エルフの少女は森の外の世界に興味津々です!

 エルフの少女が作ってくれた空き地に、早速ギルド拠点を展開する。

 設置完了まで1時間あるので、その間に、自己紹介などを始める。

 

 まずは俺達が「俺はクロ……」と言った感じで自己紹介をしていく。


「わたしは、セレスティナ。ティナって呼んでね!」


 セレスティナでティナさんかなんか神秘的でいい名前だな。


「あんたってエルフなの? なんかさっきのやつらと全然違うんだけど」

「さっきって? ふむ、ふむ、ああ、里の方に行って追い返されたんだね~。おじさんたちはエルフだけど、わたしはハイエルフなんだ」


 途中、見えない何かとでも話してるような動きをしていたのは気になるが、それよりもハイエルフだ!

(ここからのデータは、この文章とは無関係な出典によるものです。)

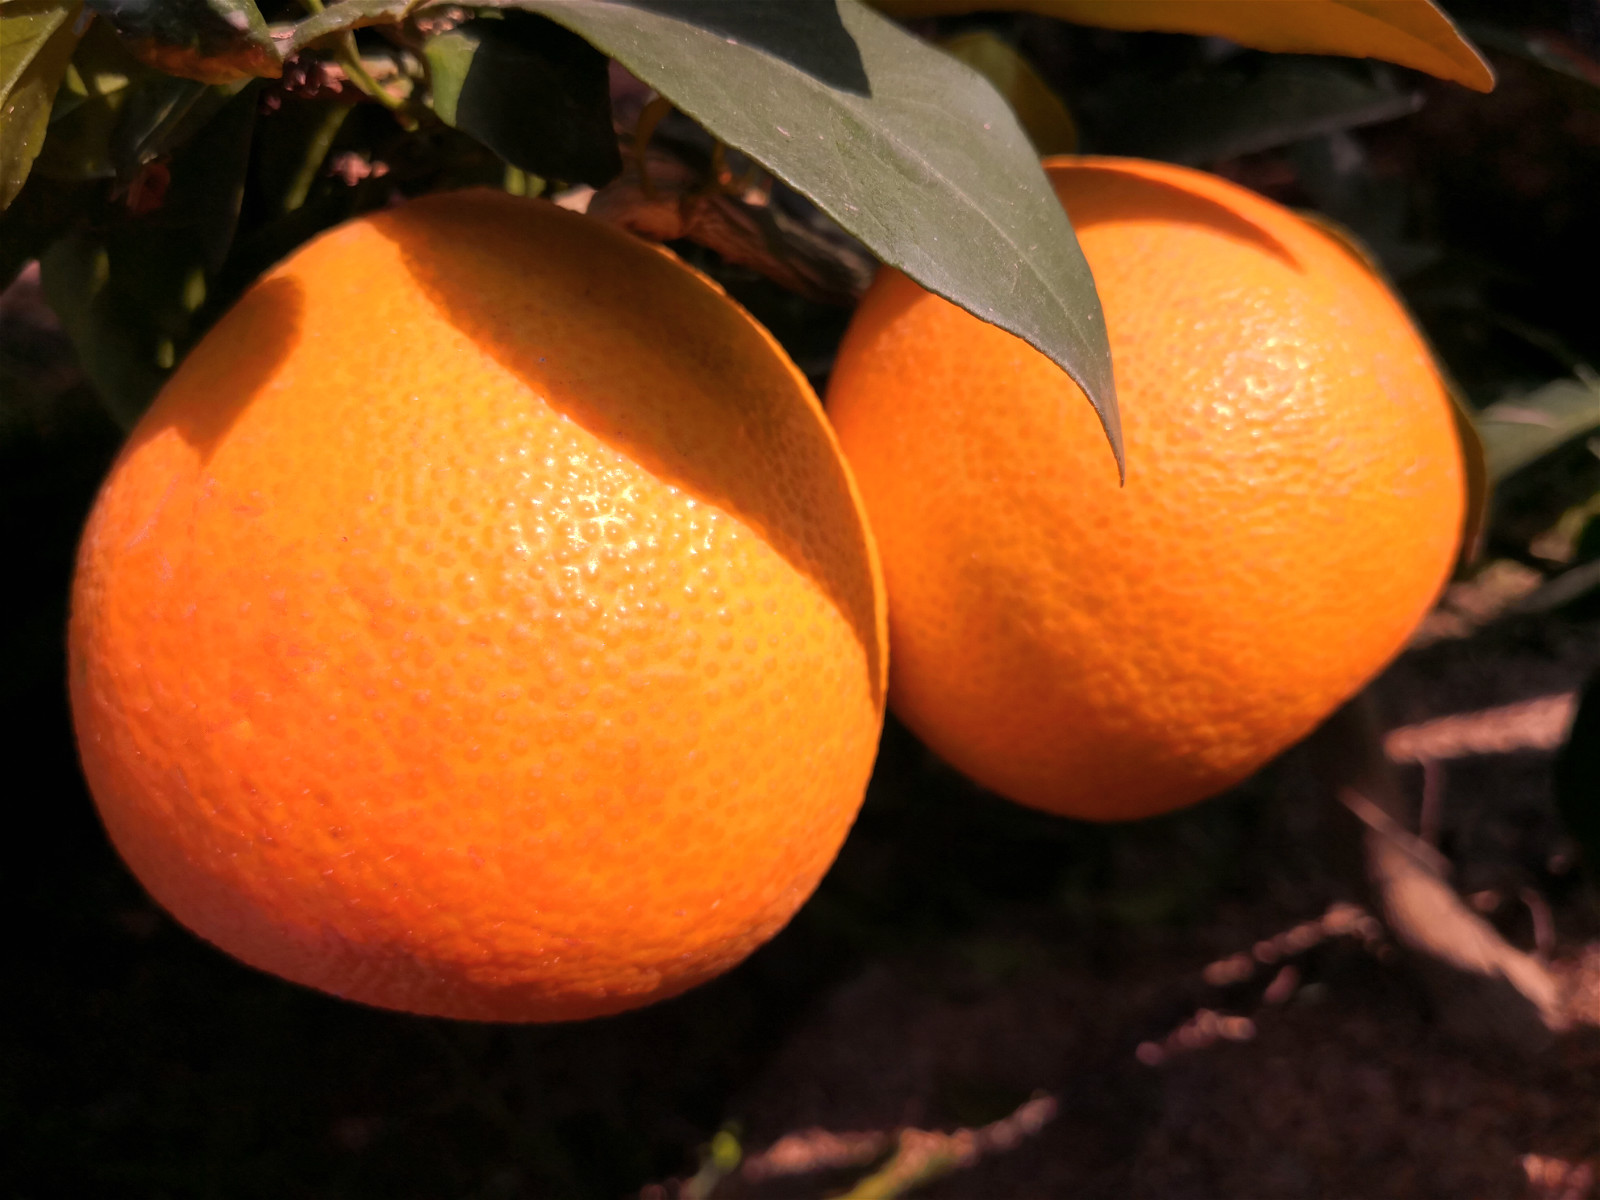 湖南红美人柑橘苗 早熟日本无核杂柑品种 11月份成熟

 どおりで、さっきのエルフとは雰囲気が全然違うわけだ!


「ハイエルフって皆あんたみたいなのばっかりなの!?」

「わたしは、ハイエルフでも変わり者って言われてるからね~。普通はエルフとあんまりかわらないよ~」


 うん、WMOの設定でもハイエルフとエルフで性質的には変わりは特になく、排他的で森に引きこもってるような種族だったはずだ。


「木の成長を愛でて楽しむとか、あんなんやってられるか~。3日で飽きた~」


 ティナさんは飽きっぽいのか……。

 まあ、釣り糸を垂らしてのんびりと時間をすごすとか、縁側に一日座ってるとか絶対無理な気がする。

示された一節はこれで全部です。